Seduced by Zanzibar


Forty years ago this week, Queen’s Greatest Hits topped the album charts, and it’s back again this month. Paul Hopkins recalls a visit to the birthplace of Freddie Mercury and the exotic romance of this beautiful East African island that never fades

It is the smells of Africa that get to me: the scorched, ochred earth at sunset, the strong smoke of sinewy stew, the oscillating breeze of the Indian Ocean. The air is rich now with aromatic spices wafting around me. I inhale: aniseed and anise, basil and bayleaf, cardamom and chilli.
Now tell me, says the old man with skin like parchment, what is this? And he proffers me a sliver of berry he has pared with his knife from a small flowering crocus.
Cumin, I say in my flat Irish tone, twitching my nostril past it.
Yes, it is common, very common, he says, but what is it?
This is a small co-operative farm six miles north of Stone Town, capital of the island of Zanzibar, East Africa. In the predominantly industrial town of BuBuBu, a collective of peasant folk eke out an existence by selling their fruits and spices. It’s a tough, competitive business and relies heavily on the purchasing power of neighbours and the casual curiosity of tourists.
There is no shortage of these intoxicating condiments. They grow in abundance: dill and fennel and ginger, lavender and liquorice, nutmeg and neem, and saffron, the one that slipped past my senses — silly me.
We lunch 10 miles further up, in Mangapwani at The Serena Beach Club, backed by coconut palms, fronted by secluded white sandy beaches and rocky coves, looking out over an expanse of translucent turquoise ocean where dolphins arc, turtles potter and curtains of fish drift among rainbow coral gardens. Is this the ultimate island paradise, I ponder.
There is much to do for the holiday-maker or honeymooner: swimming, snorkeling, kayaking, diving, dhow (that Arabic-like boat) trips and nature trails plus visits to the brooding caverns of the Mangapwani Slave Caves where the kidnapped were hidden after the abolishment of slavery made their shipment illegal, only to be smuggled down to the waiting ships at the dead of night.
Lunch is billfish, lobster, shrimp and curried peppers and potatoes, charcoaled in their jackets, and chapati bread. Fruit is in fine supply, paw-paws and mangoes, washed down with chai, the local tea served sweet in small glasses, and bottles of Safari, the kick-ass local lager.
Sated, by late afternoon, and still in the high 30s, it is time to head to Stone Town and settle in for the night in the colonial splendour of The Serena Inn.
It is an exotic romance of sorts that increasingly draws visitors to Zanzibar.
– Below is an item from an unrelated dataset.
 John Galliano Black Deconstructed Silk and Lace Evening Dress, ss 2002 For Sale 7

Last of the great slave colonies and once home to the sultans and conquerors of Arabia, the very name conjures up images of treasure chests, romantic dinners in perfumed court- yards and those dhows with their billowing sails, one of which I capture magnificently against a fierce and fiery setting sun.
Birthplace of Freddie Mercury, Zanzibar — or Unguju in Swahili, the Arabic-derived language of the ethnic peoples of East Africa — is one of an archipelago or cluster of islands off Tanzania (and part of that country since soon after independence in the 1960s) that left the explorer David Livingstone “mes- merised’’ 100 years before that, and today has me and my fellow travellers soundly seduced, as if by the wiles of a wanton woman.
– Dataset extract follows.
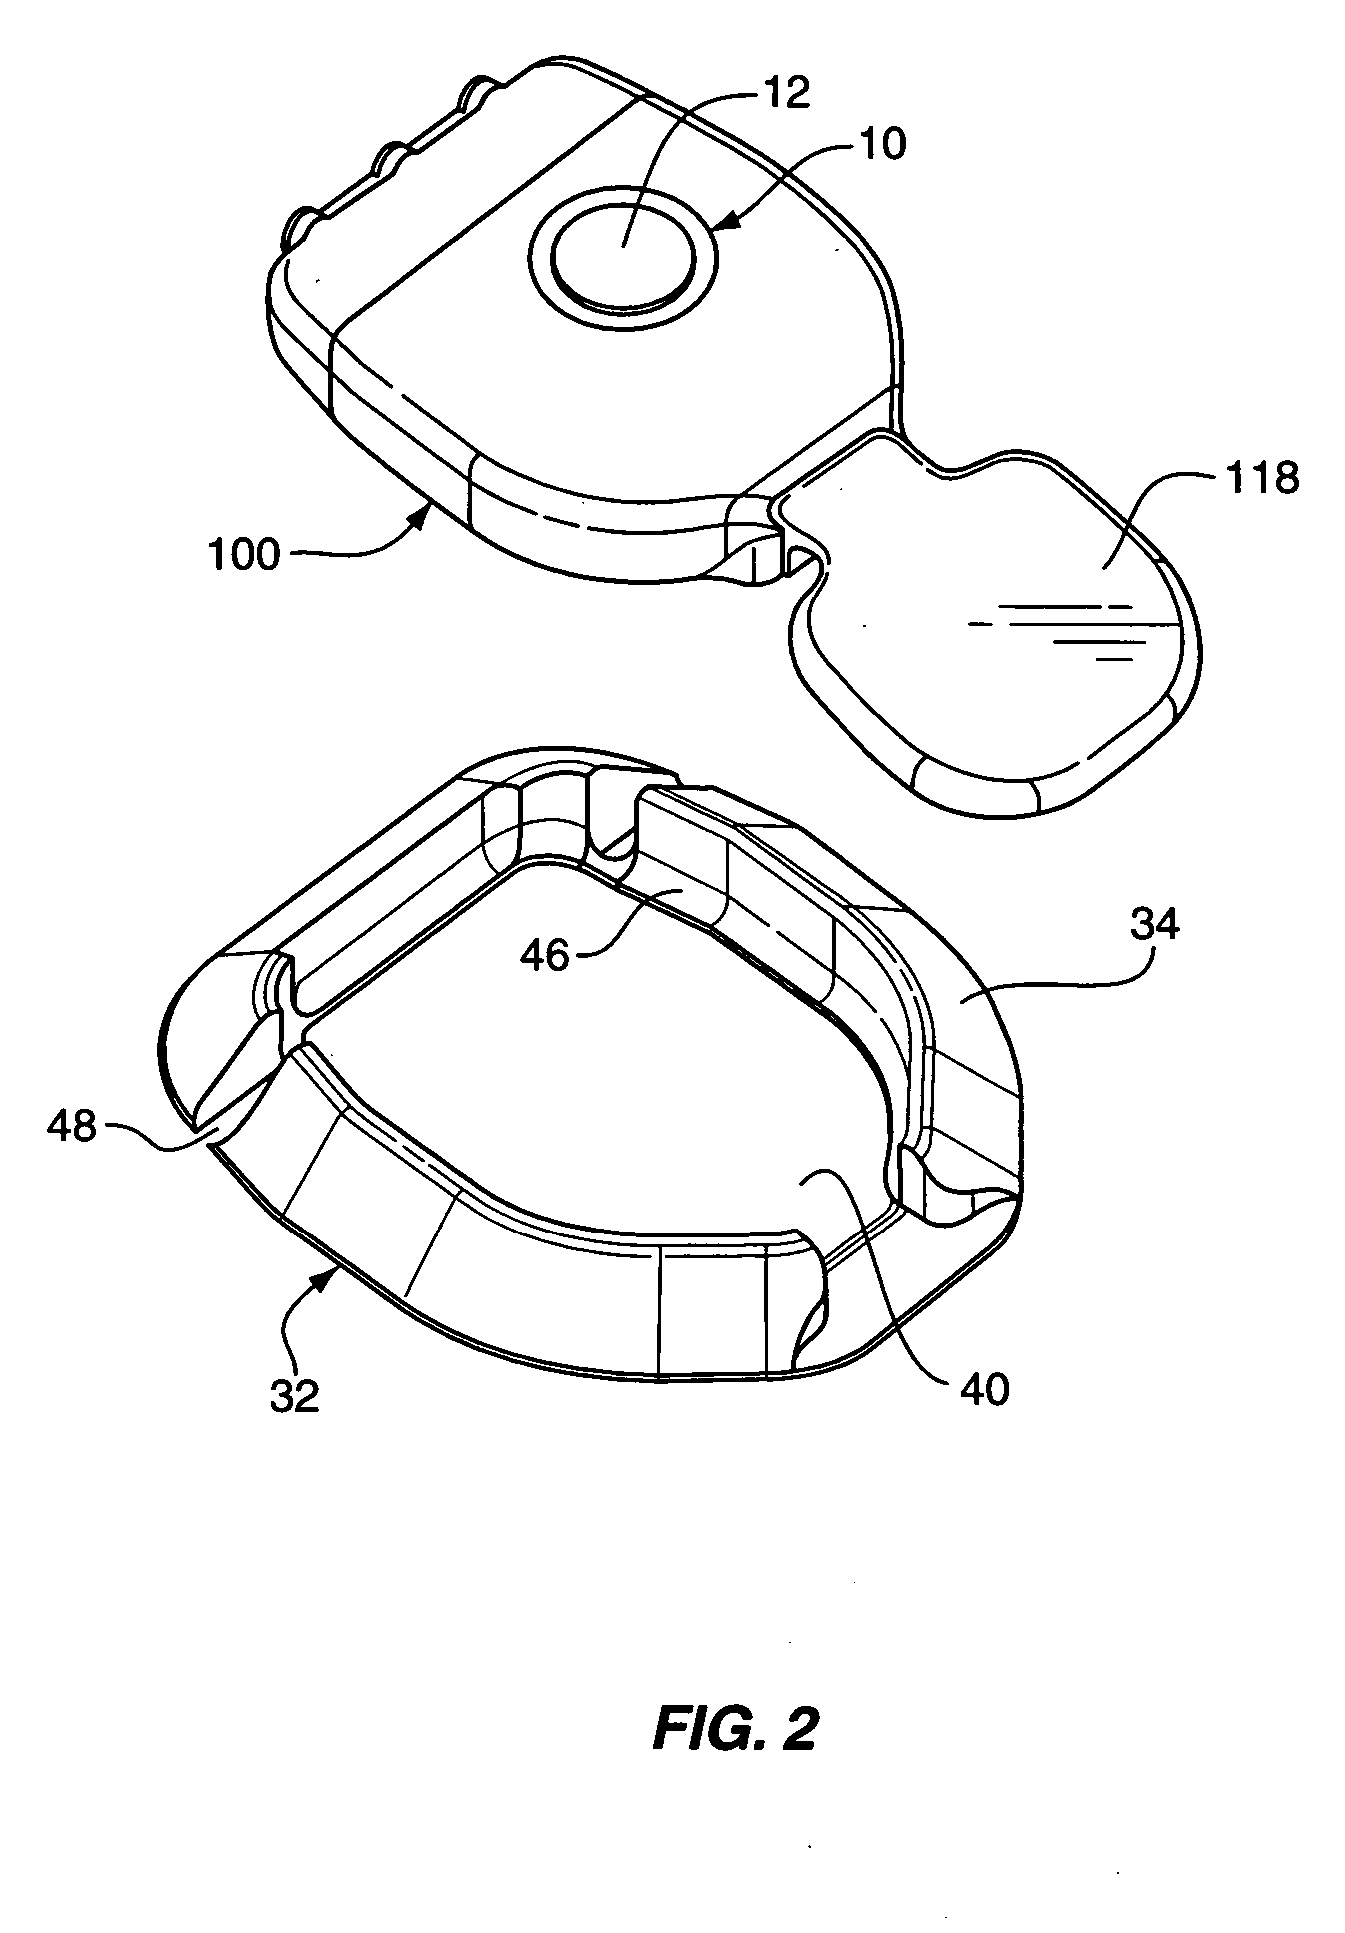 Passive vibration isolation of implanted microphone

Unquestionably the best hotel in the capital, the Serena Inn is a pervading property set in two historic seafront buildings that have been respectfully restored into what is now Zanzibar’s only member of the ‘Small Luxury Hotels of the World’ group.
The hotel has a prime location at the end of Shangani Street, less than five minutes meander from the heart of Stone Town. As well as a very good seafront restaurant, there is a comfortable bar and lounge area and a grand swimming pool overlooking the ocean. There are 51 air-conditioned rooms, colonial in style and all en suite with mini-bars, satellite TV (shame on you), and a balcony, though the giant palms outside of mine sadly obscure a better view.
A walking tour of Stone Town is a must, with its winding, sometimes-cluttered side-streets, hawkers and stall holders and colourful characters, the predominant Muslim influence in dress and etiquette; its rich architecture, the Sultan’s palace, the giant ornate doors of the old Arabian and colonial buildings and the choral chant of those called to prayer in the local mosques.
Silks, perfumes, paintings and local trinkets entice one to entreat for a bargain and I bag one, an antique silver bangle with inlays of opal.
Music and traditional dance and long, iced-cold G&Ts under a starry, balmy sky and dinner and fine wine at Serena — though a better curry, for which the island is renowned, awaits me further up the coast — finds my appetite and senses richly rewarded and by midnight has me sleeping soundly to the light of the moon and the gentle lapping of the Indian Ocean, the bobbing dhows drifting homeward.